__Task objective__. Reproduce the data below in full and exclude every picture.

__The data__.
▬▬▬

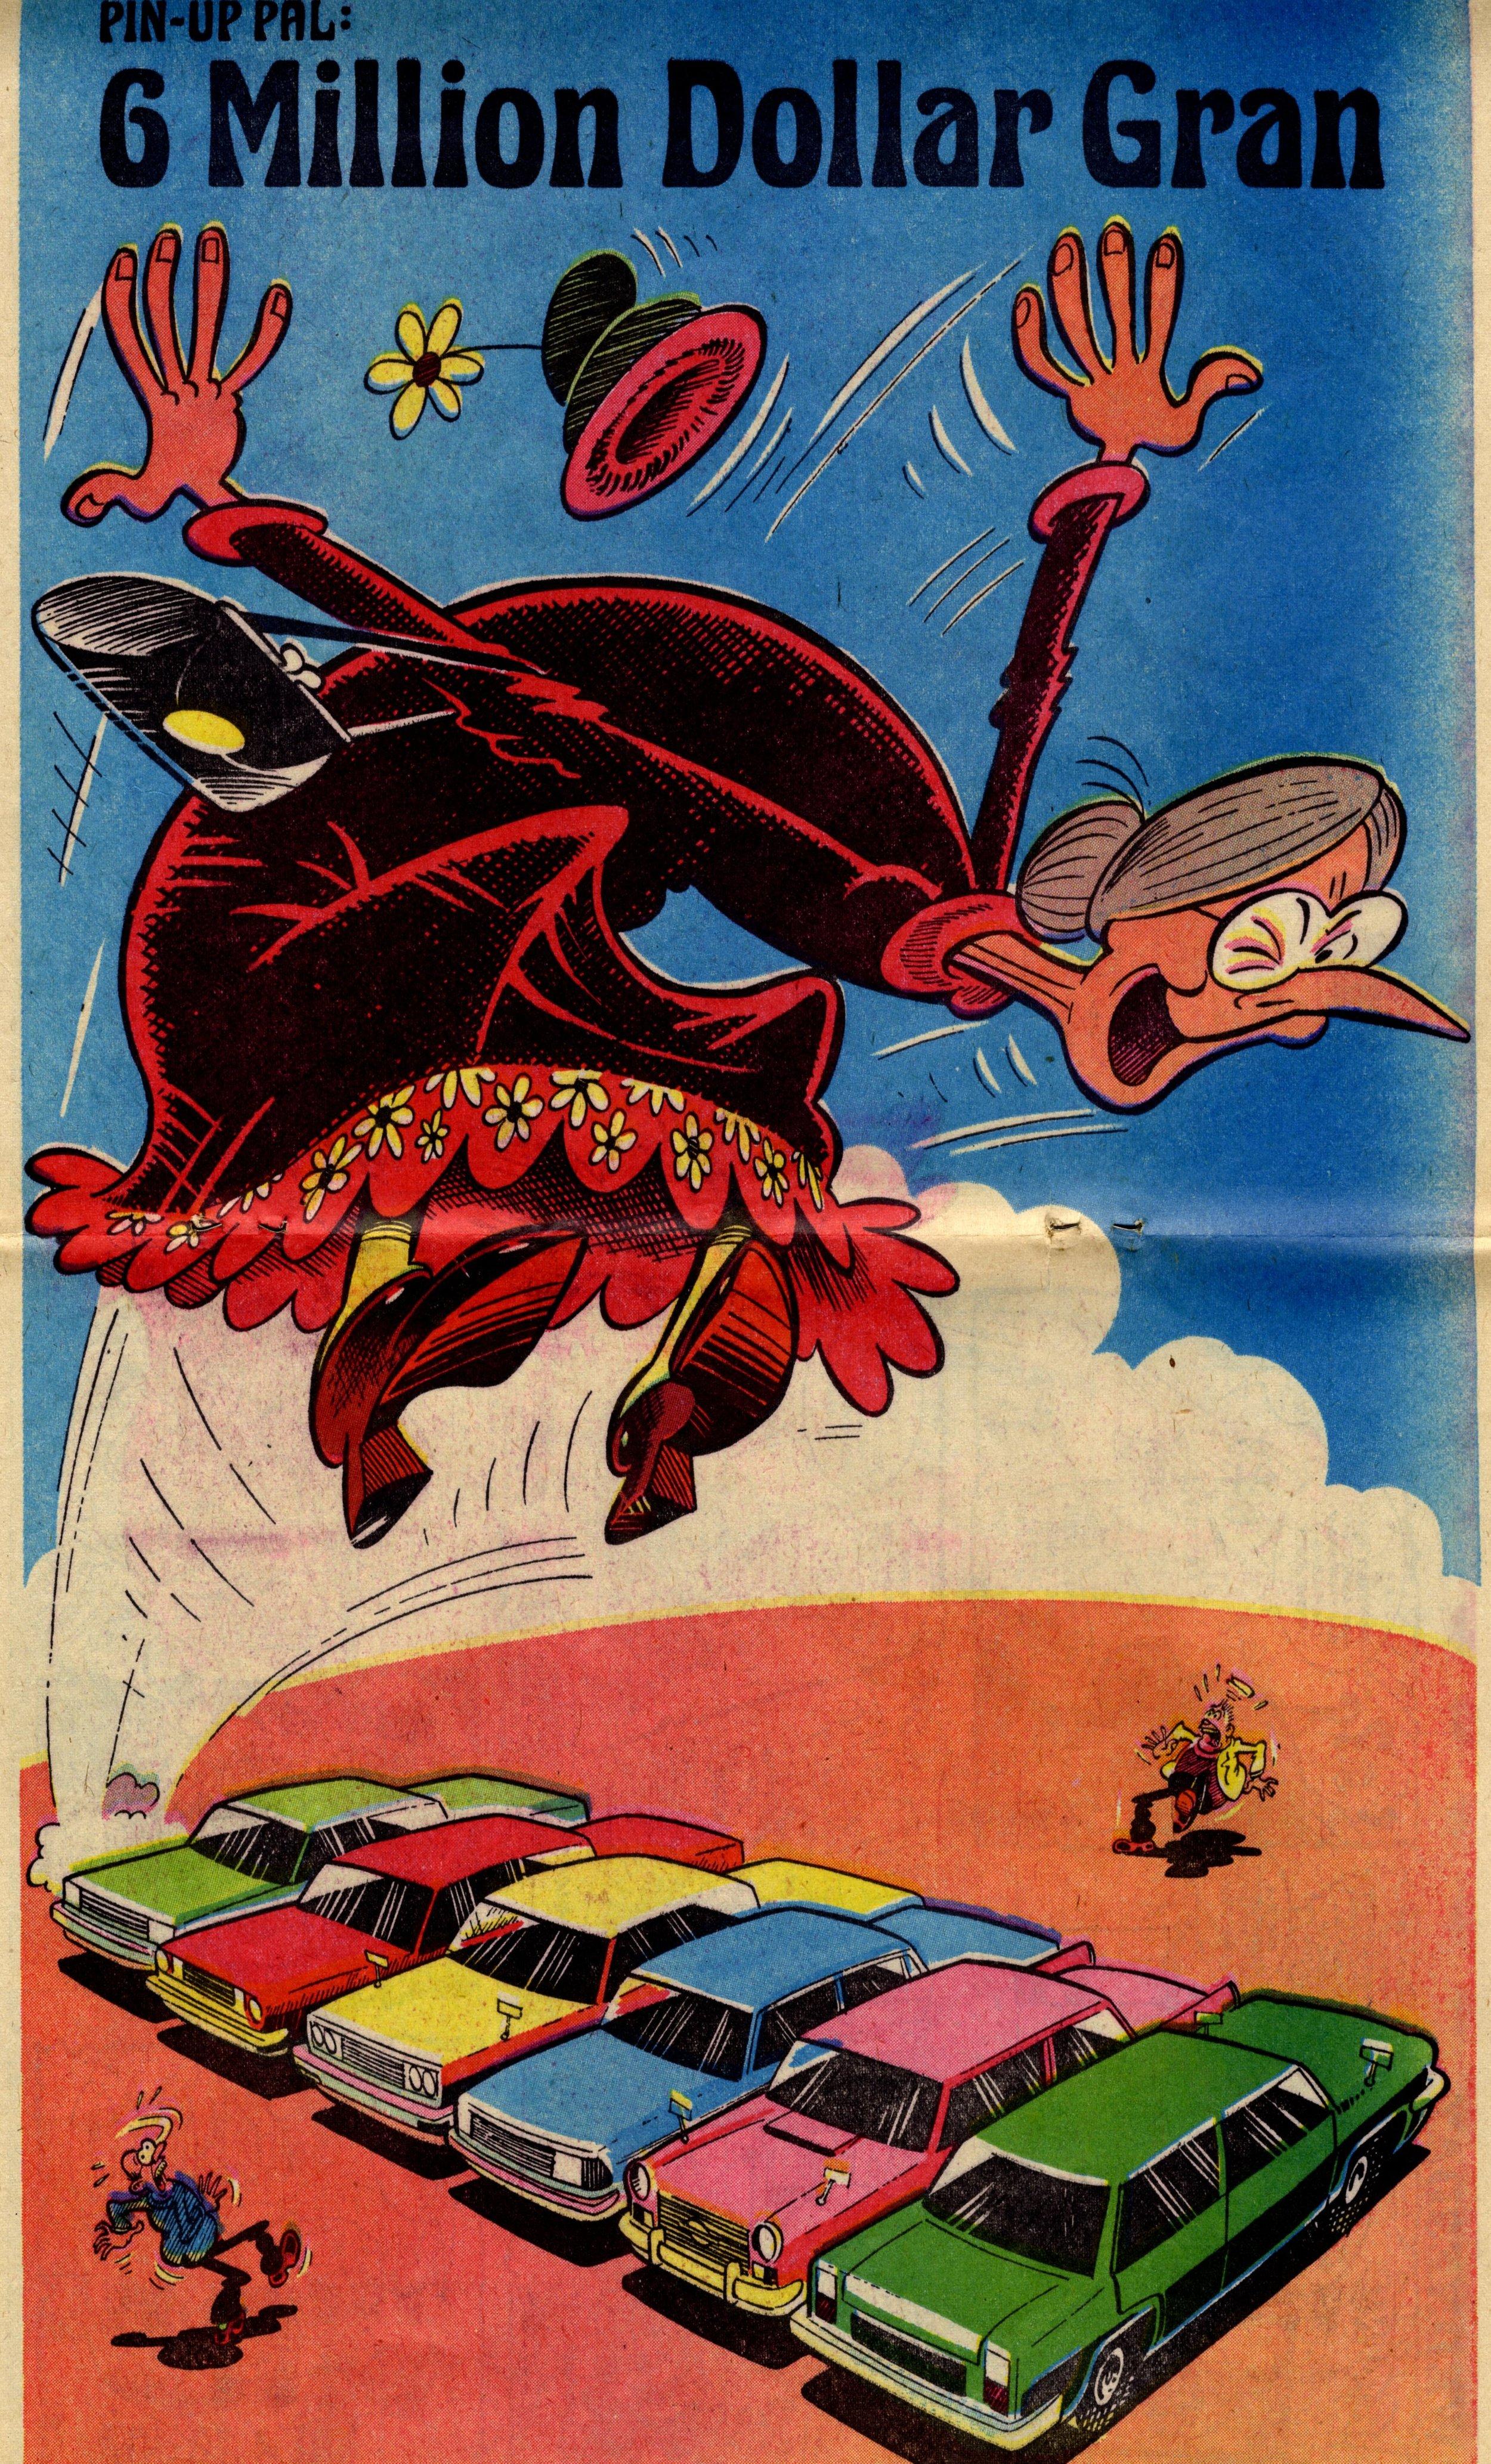 Pin-up Pal: 6 Million Dollar Gran (artist Ian Knox), 29 October 1977
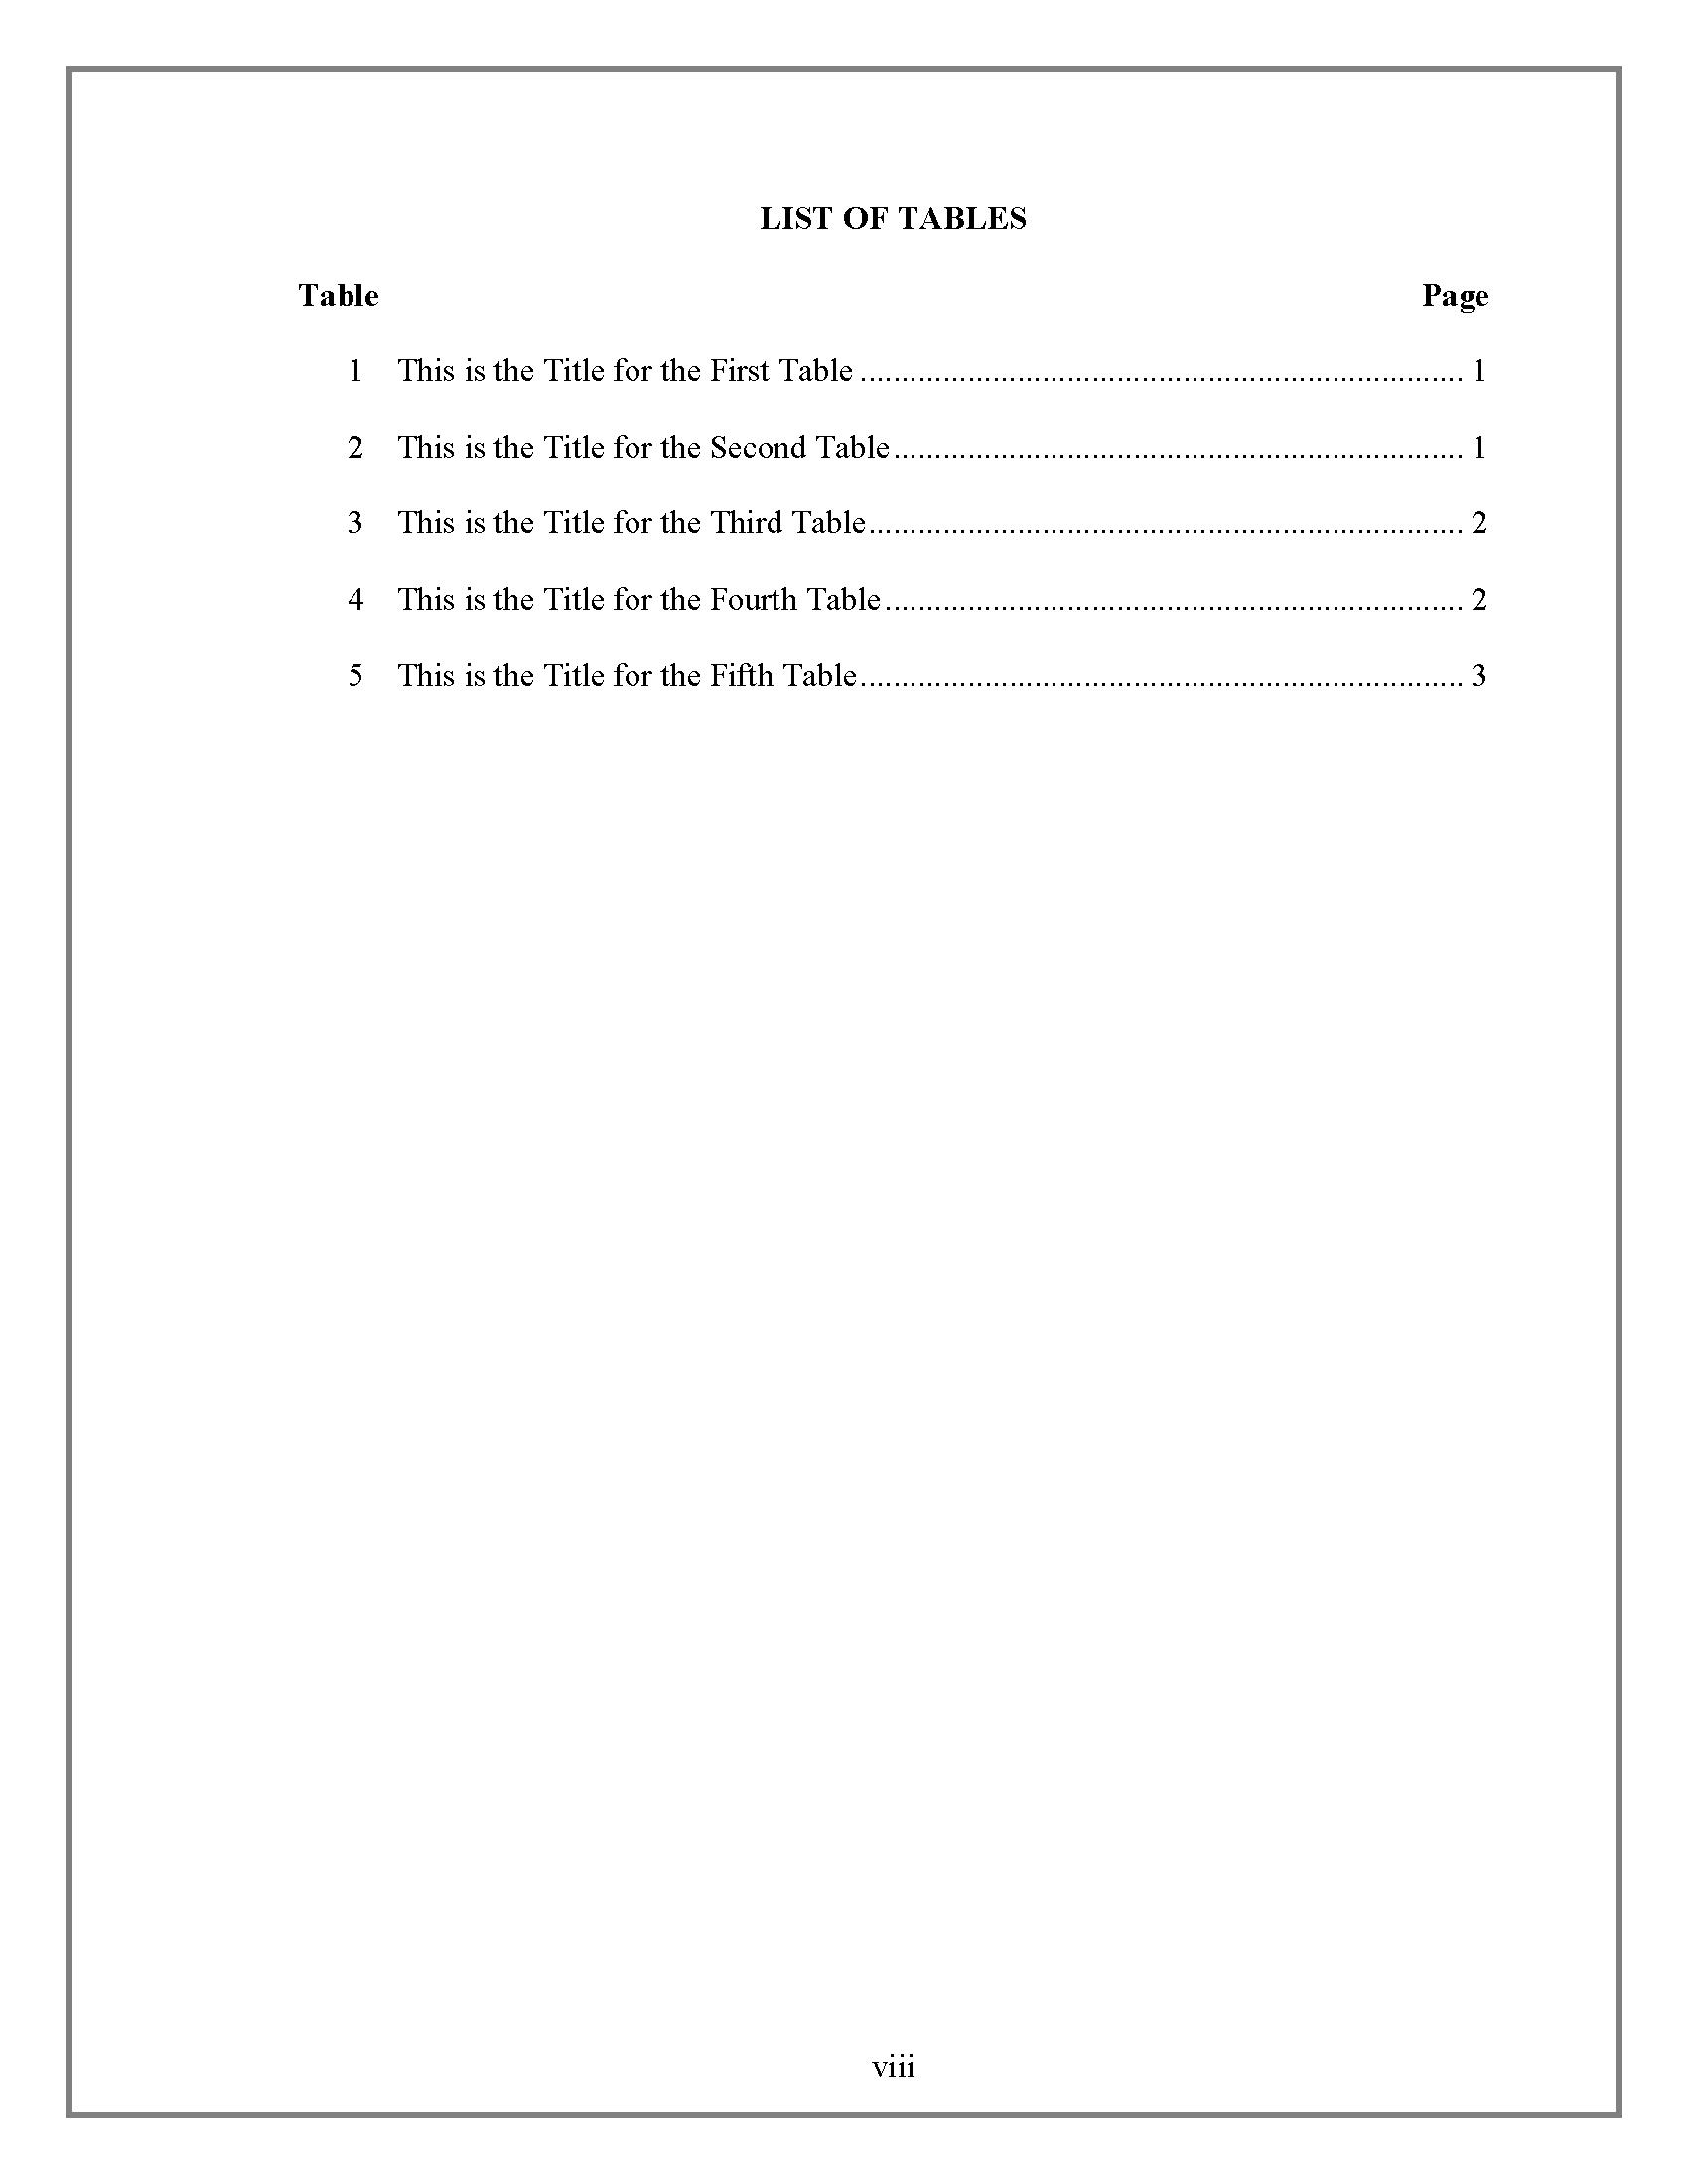 Macro-Template Instructions
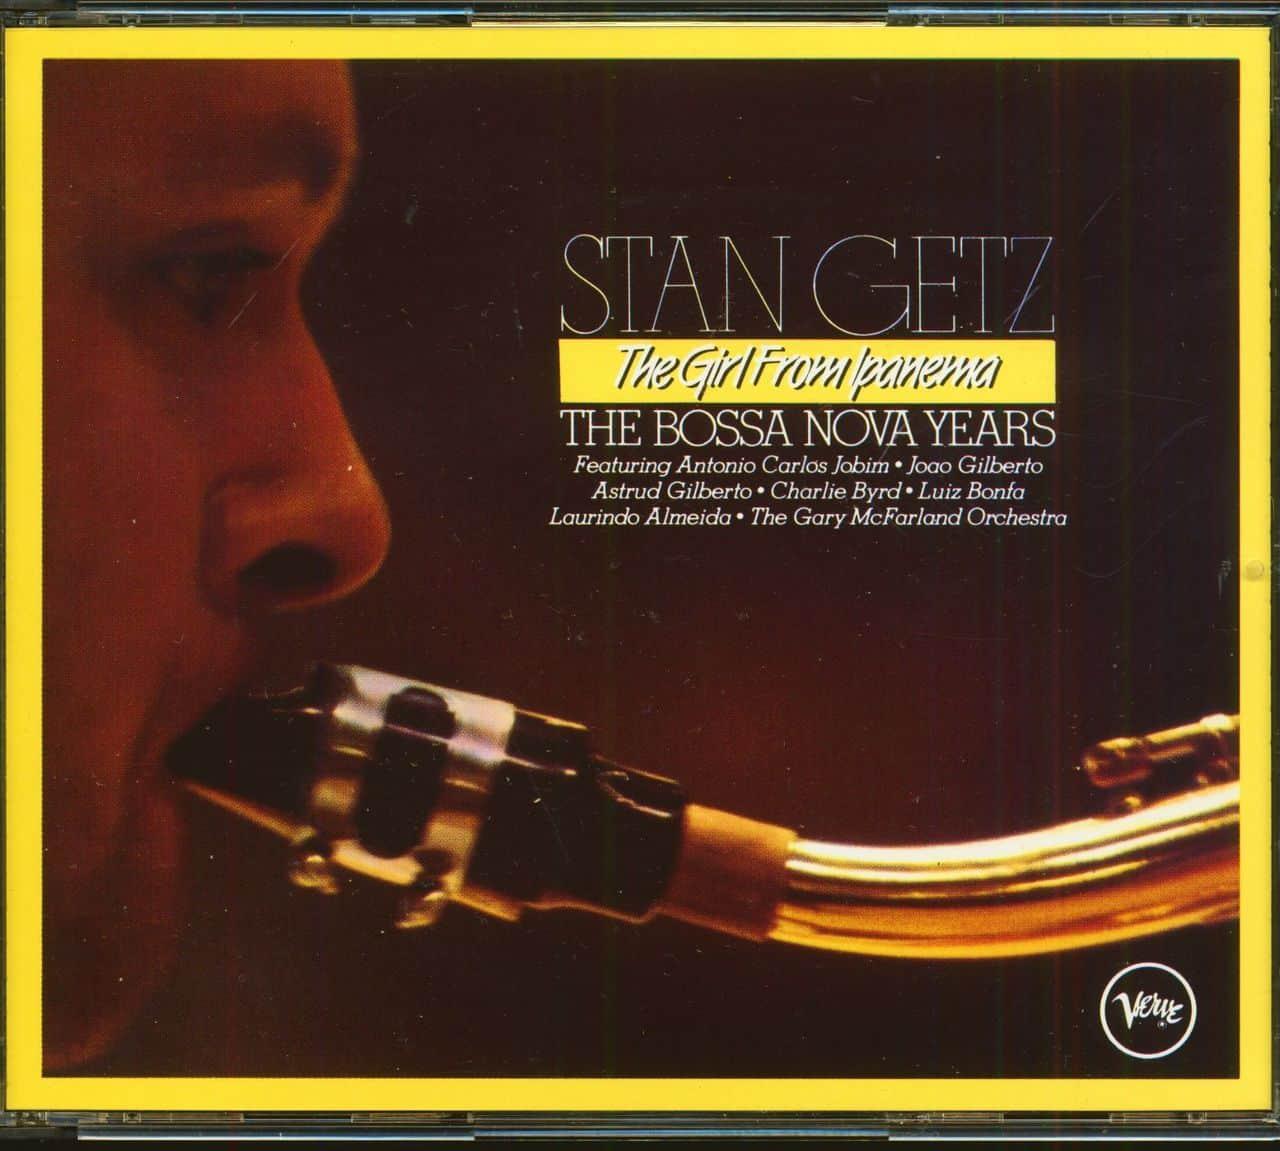 The Girl From Ipanema - Stan Getz - The Bossa Nova Album

▬▬▬

__Solution for this task__.
 Pin-up Pal: 6 Million Dollar Gran (artist Ian Knox), 29 October 1977
 Macro-Template Instructions
 The Girl From Ipanema - Stan Getz - The Bossa Nova Album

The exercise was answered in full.